Utopian Turtletop. Monsieur Croche's Bête Noire. Contact: turtletop [at] hotmail [dot] com

Thursday, September 02, 2004


John Kerry is fighting back. It’s key. His timing feels right. Lots of D’s have been nervous about JK’s reticence. Waiting to upstage Bush makes sense to me. Waiting for them to take the first swing makes sense. Here’s hoping 50% of the voters agree with me -- I’ll be the +1.

(Oh, right, Electoral College, wait. Well, you get my meaning.)

Excerpt: “The vice president even called me unfit for office last night. I guess I'll leave it up to the voters whether five deferments makes someone more qualified to defend this nation than two tours of duty.

“Let me tell you what I think makes someone unfit for duty. Misleading our nation into war in Iraq makes you unfit to lead this nation. Doing nothing while this nation loses millions of jobs makes you unfit to lead this nation. Letting 45 million Americans go without healthcare makes you unfit to lead this nation. Letting the Saudi Royal Family control our energy costs makes you unfit to lead this nation. Handing out billions of government contracts to Halliburton while you're still on their payroll makes you unfit. That's the record of George Bush and Dick Cheney. And it's not going to change. I believe it's time to move America in a new direction; I believe it's time to set a new course for America.”


Harry Nilsson’s magnificent cover of Ike & Tina’s “River Deep Mountain High” tonight -- he loves but doesn’t identify with Tina’s rag-doll loving protagonist -- with Tina, “I” loved that ragdoll; with Harry, “she” loved that ragdoll. Common practice in Tin Pan Alley and in rock, though rock isn’t built on covers nearly as much as the earlier style.

Interesting -- the country/folk Carter Family to Woody to Dylan lineage was different. Maybelle Carter sang many songs from the male point of view, and Woody and Bob (on his debut album of mostly covers) both sang “House of the Rising Son” from the woman’s point of view. The House is a whorehouse, the singer is going back to wear that ball and chain because she has no other way to make a living. And it’s hell -- please tell my baby sister not to do what I have done, but shun that house in New Orleans they call the Rising Son. The Animals’ rockhit version makes no sense, really -- the male protagonist is . . . a sex addict? OK, it’s possible, but not nearly as compelling or sympathetic. Or, just occurred to me, maybe he’s a male whore, but that feels to risque for ‘60s Top 40 and pre-Velvets rock.

Dylan’s version is terrific.

Relevance to life -- a mark of an appealing lyric.

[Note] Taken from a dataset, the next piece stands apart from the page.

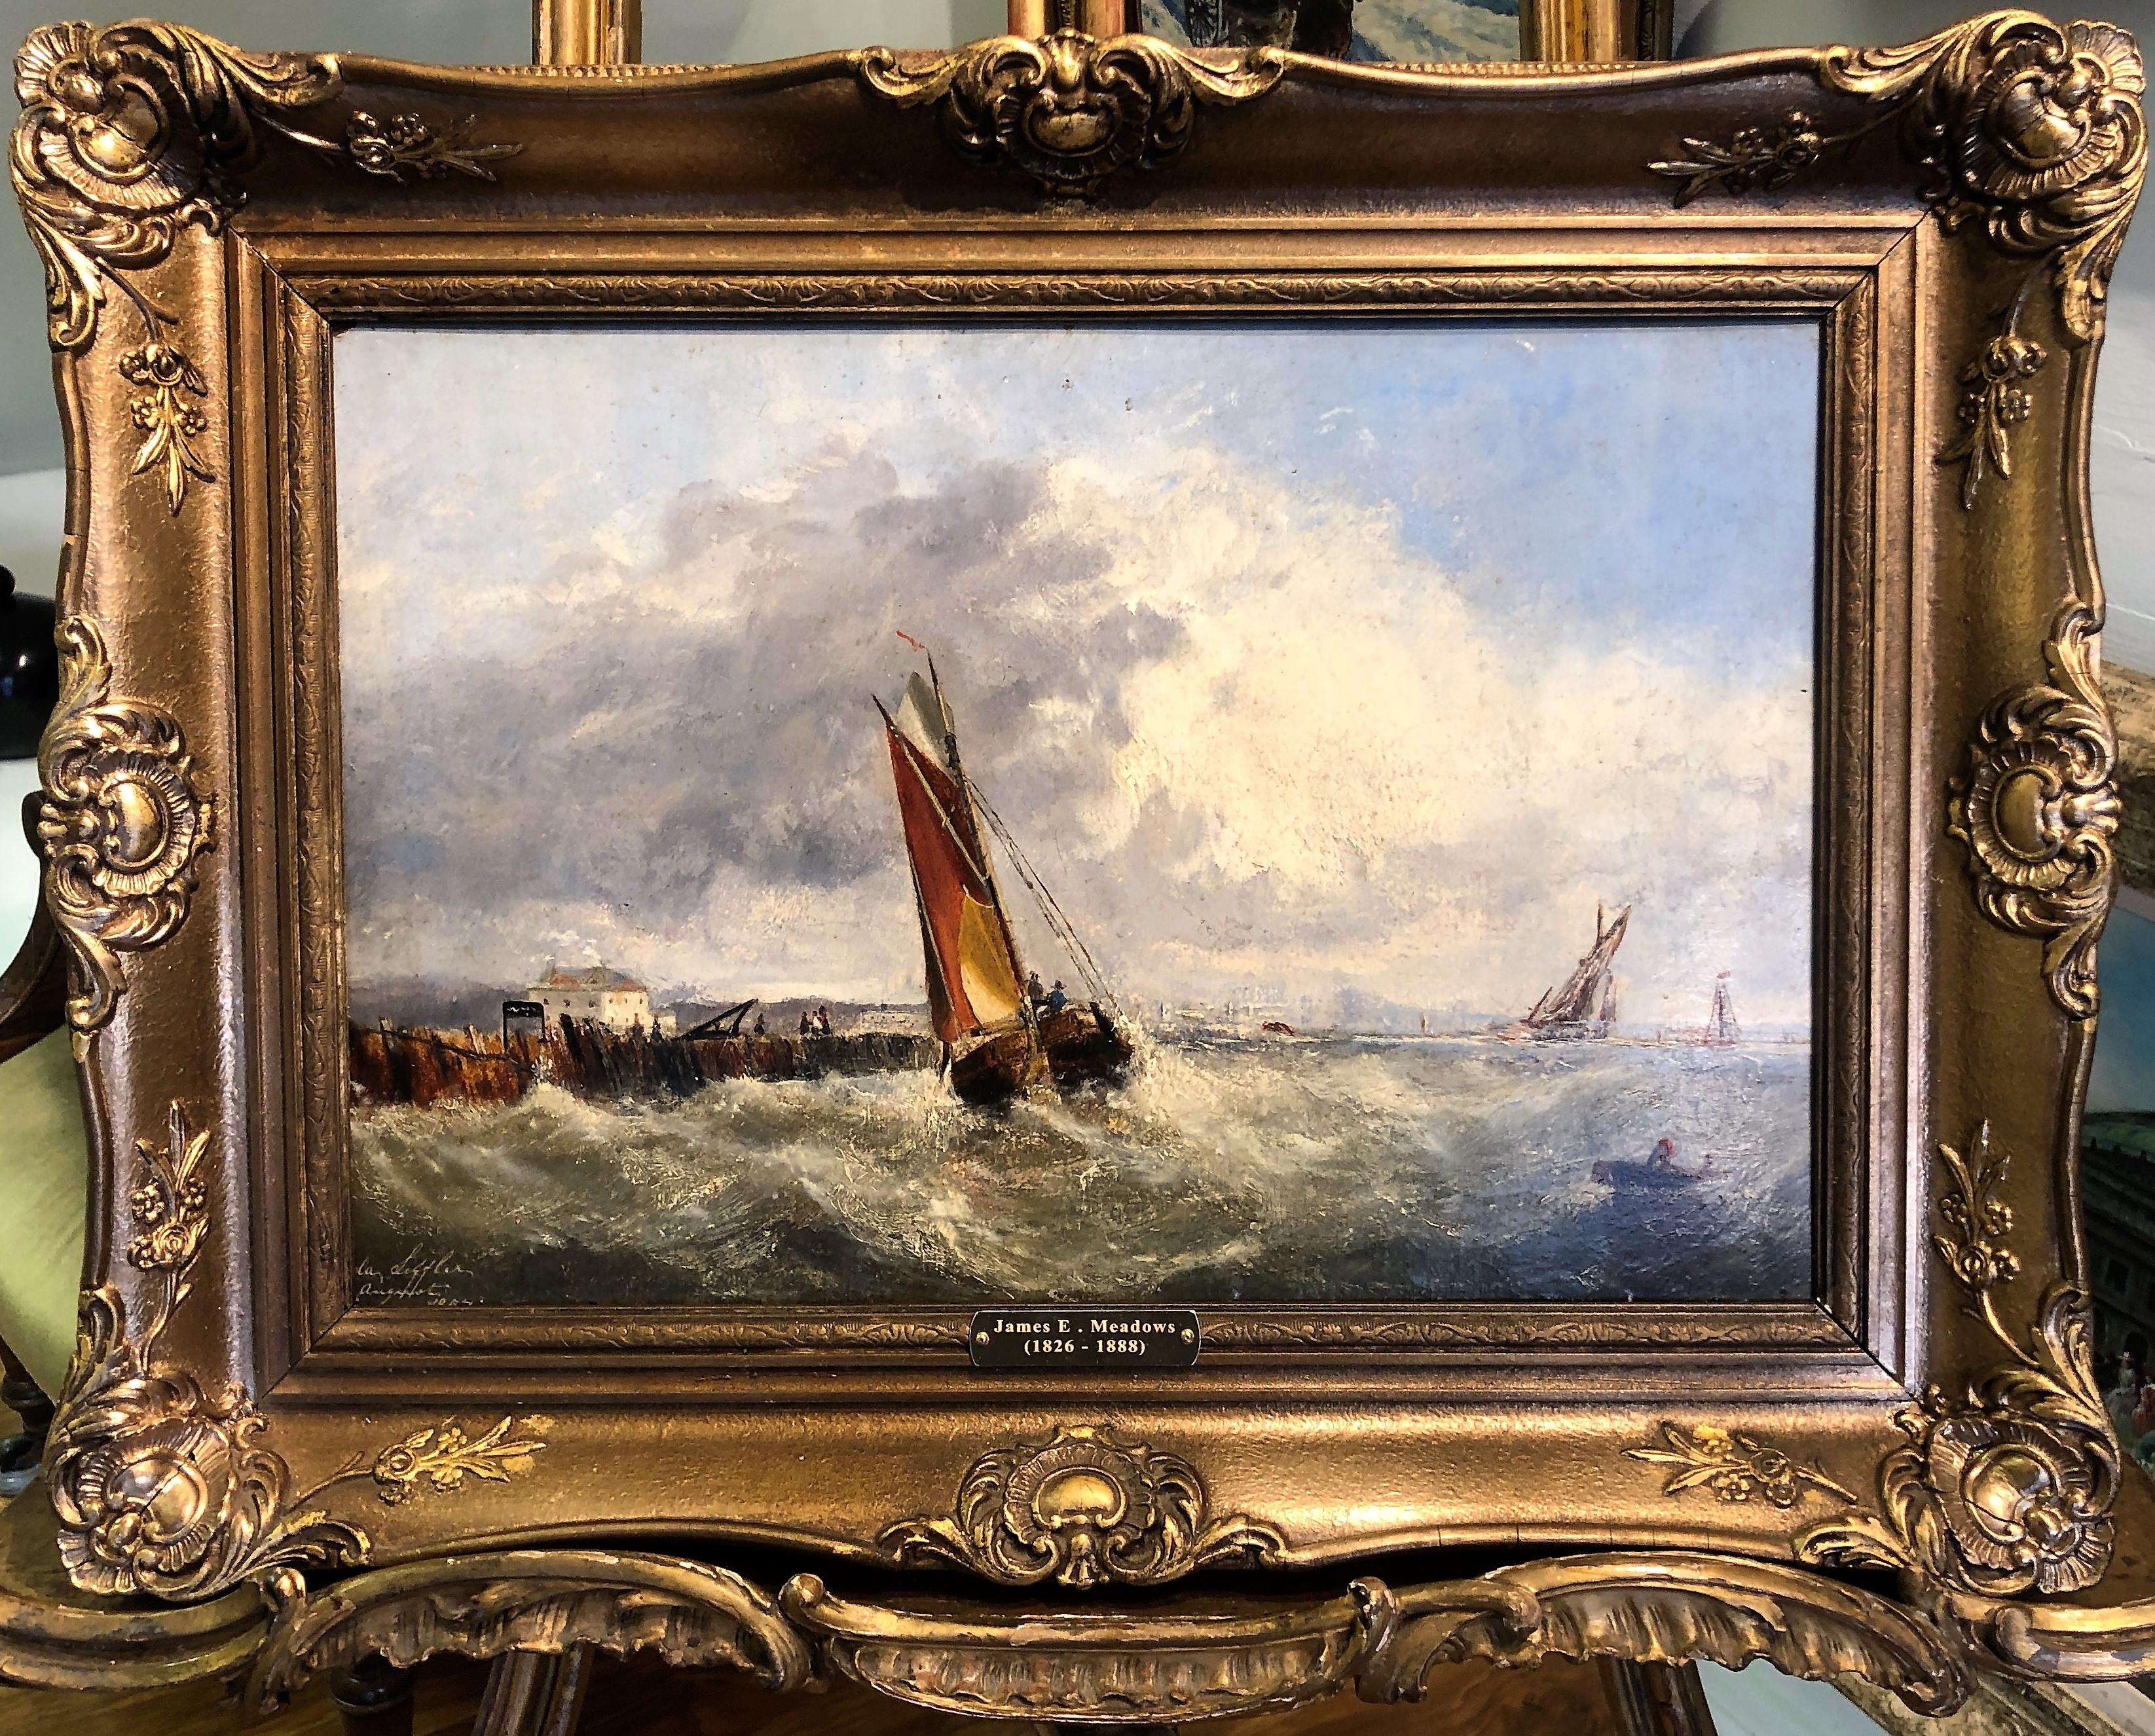 James Edward Meadows Landscape Painting – OLD MASTER OIL PAINTING High Quality 19th CENTURY SturY Stormy Seas Gold vergoldeter Rahmen

Lots of Tin Pan Alley / Broadway / Hollywood songs come fitted with a male lyric and a female lyric. Only song I know that comes with different words depending on the color of the singer, Harry Warren and Al Dubin’s “Lulu’s Back in Town.”

White version: “you can tell all my pets / all my blondes and brunettes”

Fats Waller’s version: “you can tell all my pets / all my Harlem coquettes.”

Harry couldn’t have loved a ragdoll, and Fats knew there would have been trouble if he’d talked about his blondes and brunettes. But Woody and Bob and Mother Maybelle, they were comfortable.